Our closest neighbour once hoisted himself and his air-propelled hose, at great peril, onto the roof. Dynamic noise! Failed mission. I'm sure the crows were cackling in their tower roost. You might be tempted to believe that this bunch resemble feathered Keystone Kops, but I assure you that they are all black ops, strategic and risk-averse.

A BB gun might be the artillery required, but taking out a neighbour's window is too big a risk. Until now – more than a decade in – the birds have been winning.

I am not competitive by nature, but now I'm straining to solve the problem and outwit these outlaws.

Crows are tacticians. And terrorists. How else to account for the fried-egg splats so mathematically precise in the strike zone of the driver's side windshield? The maple tree branches snapped off with military precision to fortify their nursery?

How do you outsmart a species that is technically intellectually weaker, but constitutionally stronger? Fast forward to early spring. With the help of Arctic temperatures much of the winter and a tropical getaway, I'd managed to forget about this species, let alone the resident madcap gang. A relentless and unheralded -20 C must have frozen my memory.

Until the chinook. And a harsh awakening.

On the first beautiful day that doesn't beg full combat gear, I hear them: at 12 o'clock, both in time and sky orientation. My heart sinks. No, it digs a foxhole.
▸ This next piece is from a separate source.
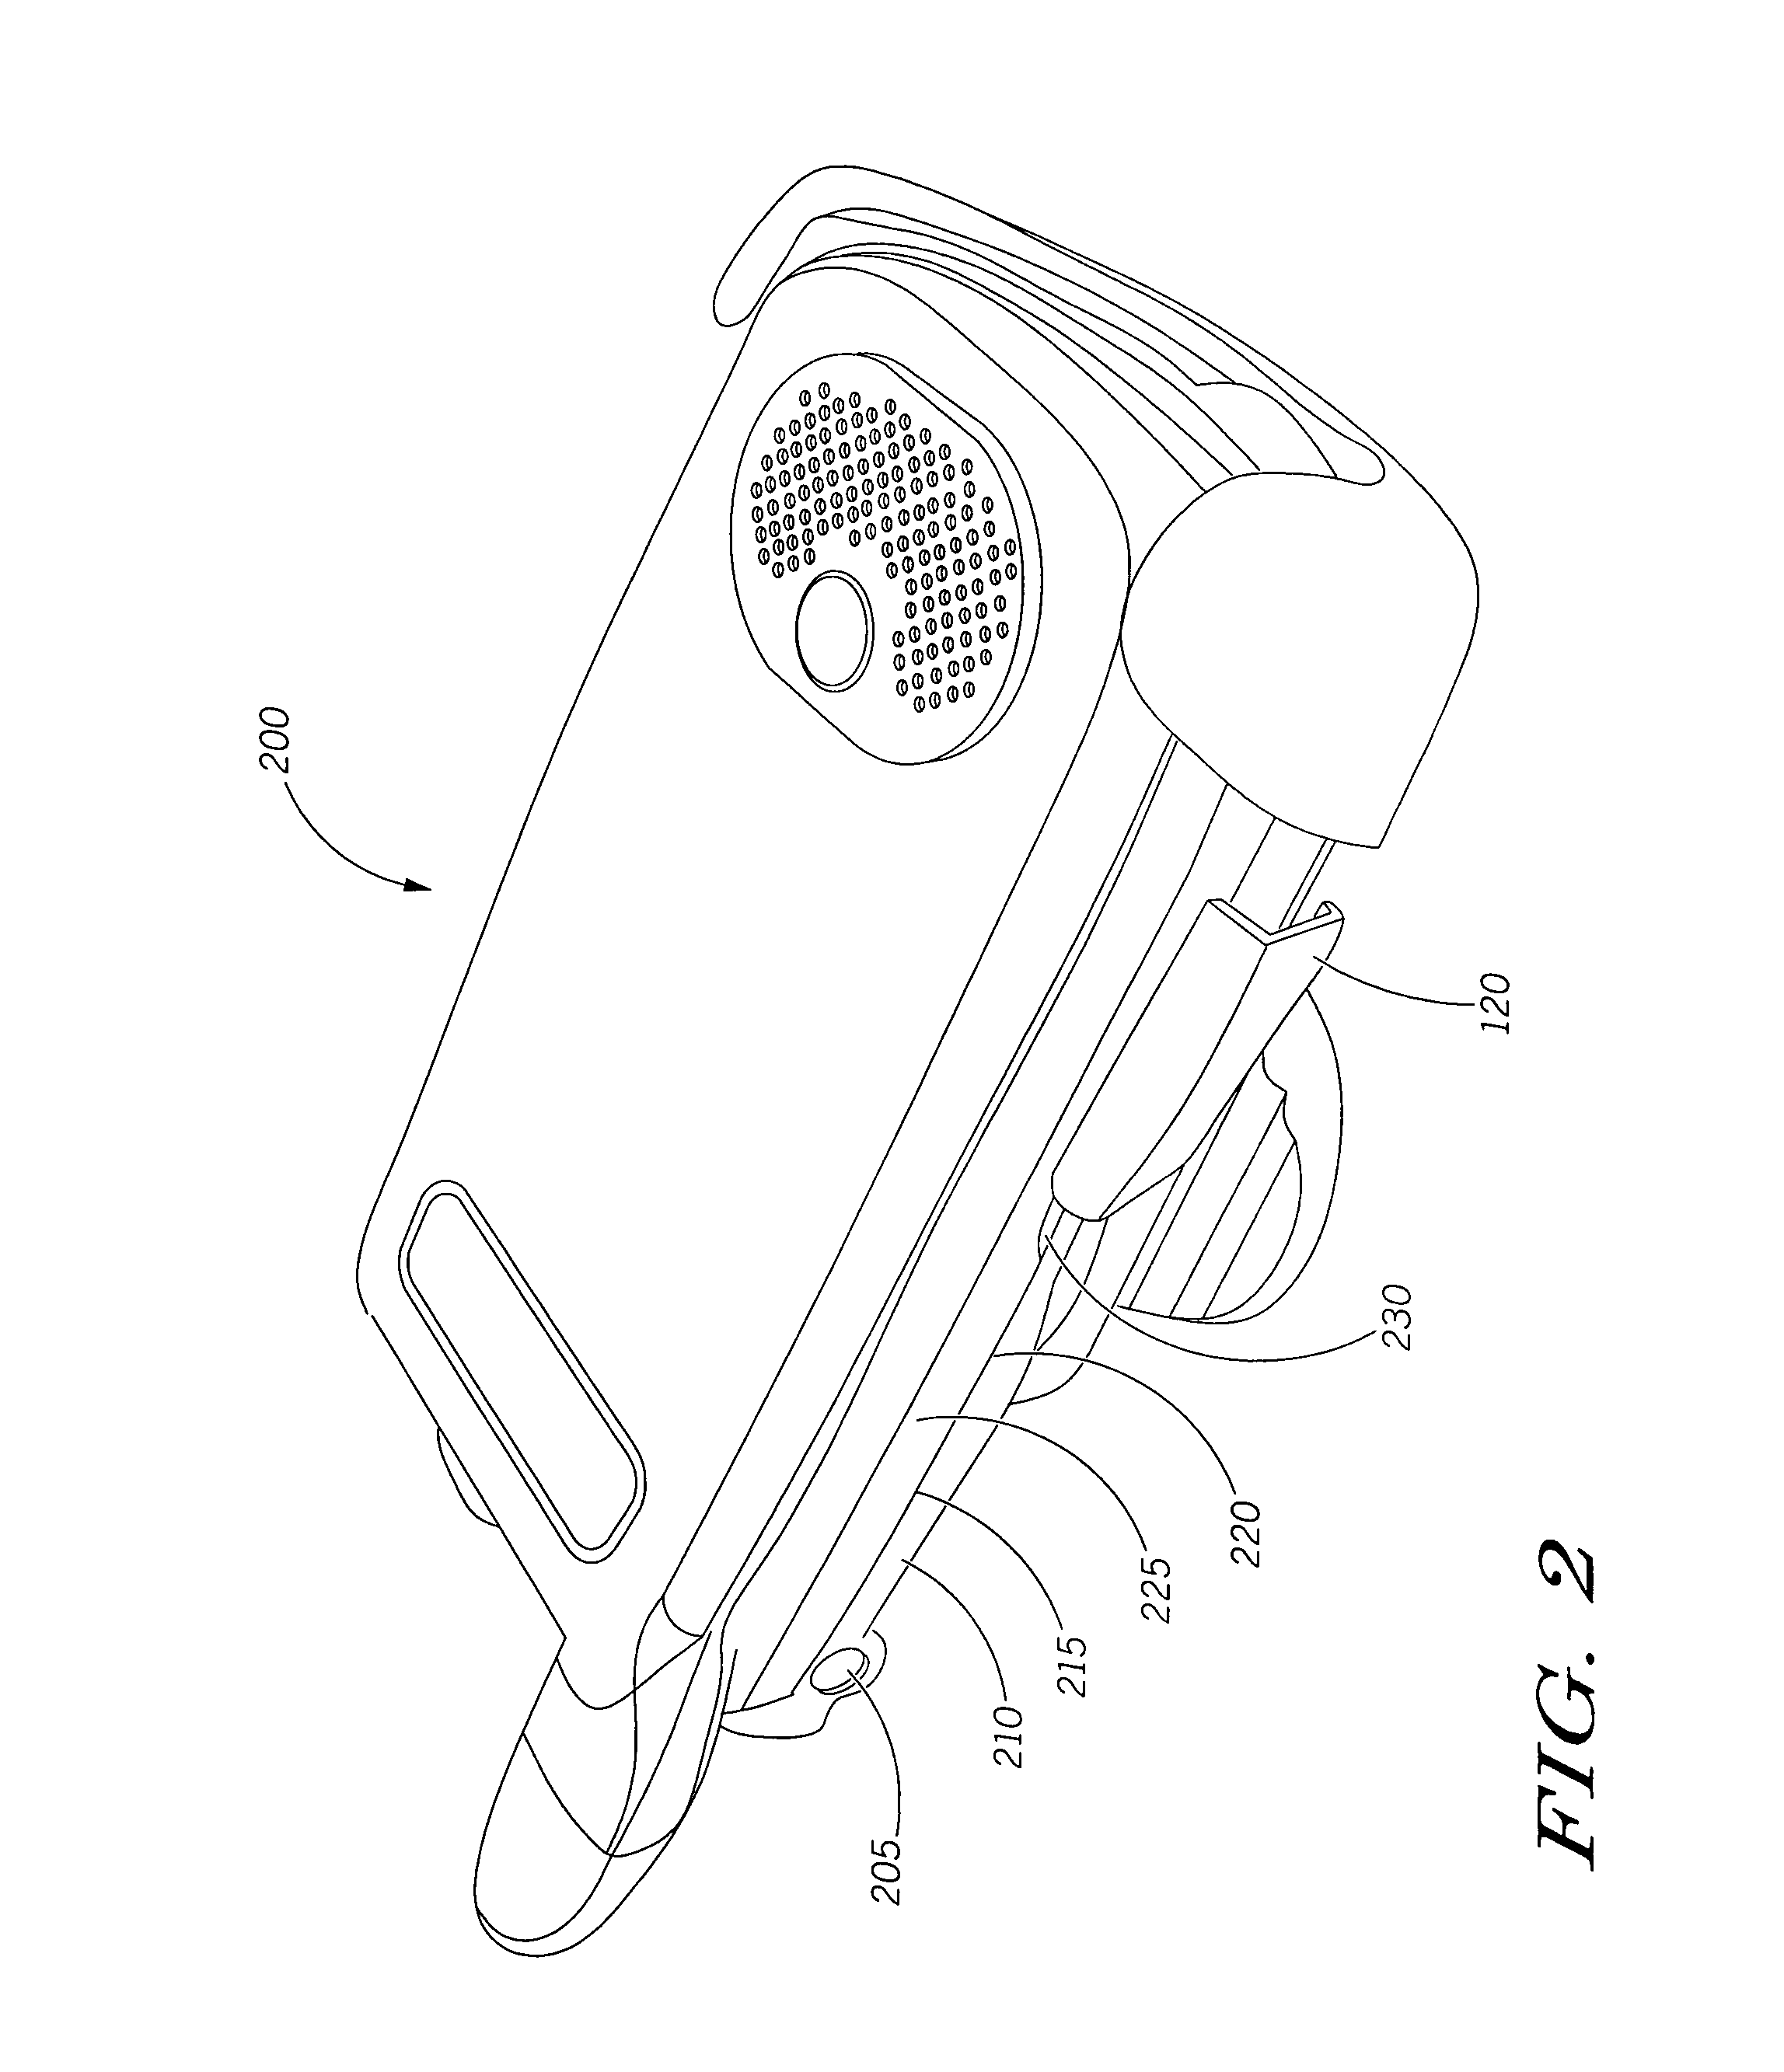 Mobile electronic device carrier allowing selective opening of the electronic device

These darn birds weren't frozen out. I don't know where they've been hunkered down. Underground? Cuba? But they are now outside having the last laugh – or cackle.

I can't bring myself to resurrect the crow poetry unit again. It's too disheartening, knowing that the joy thieves will yet again dominate the neighbourhood from their stronghold in the last standing spruce.

I haven't invested in artillery or authority.

I may surrender: white flag – or sheets on the line – to signal that I give up.

Condo living seems alluring. If I can't kill crows with kindness, or kill them at all, I will admit defeat.

Score one for Mother Nature.

Maribeth Adams lives in Kamloops, B.C.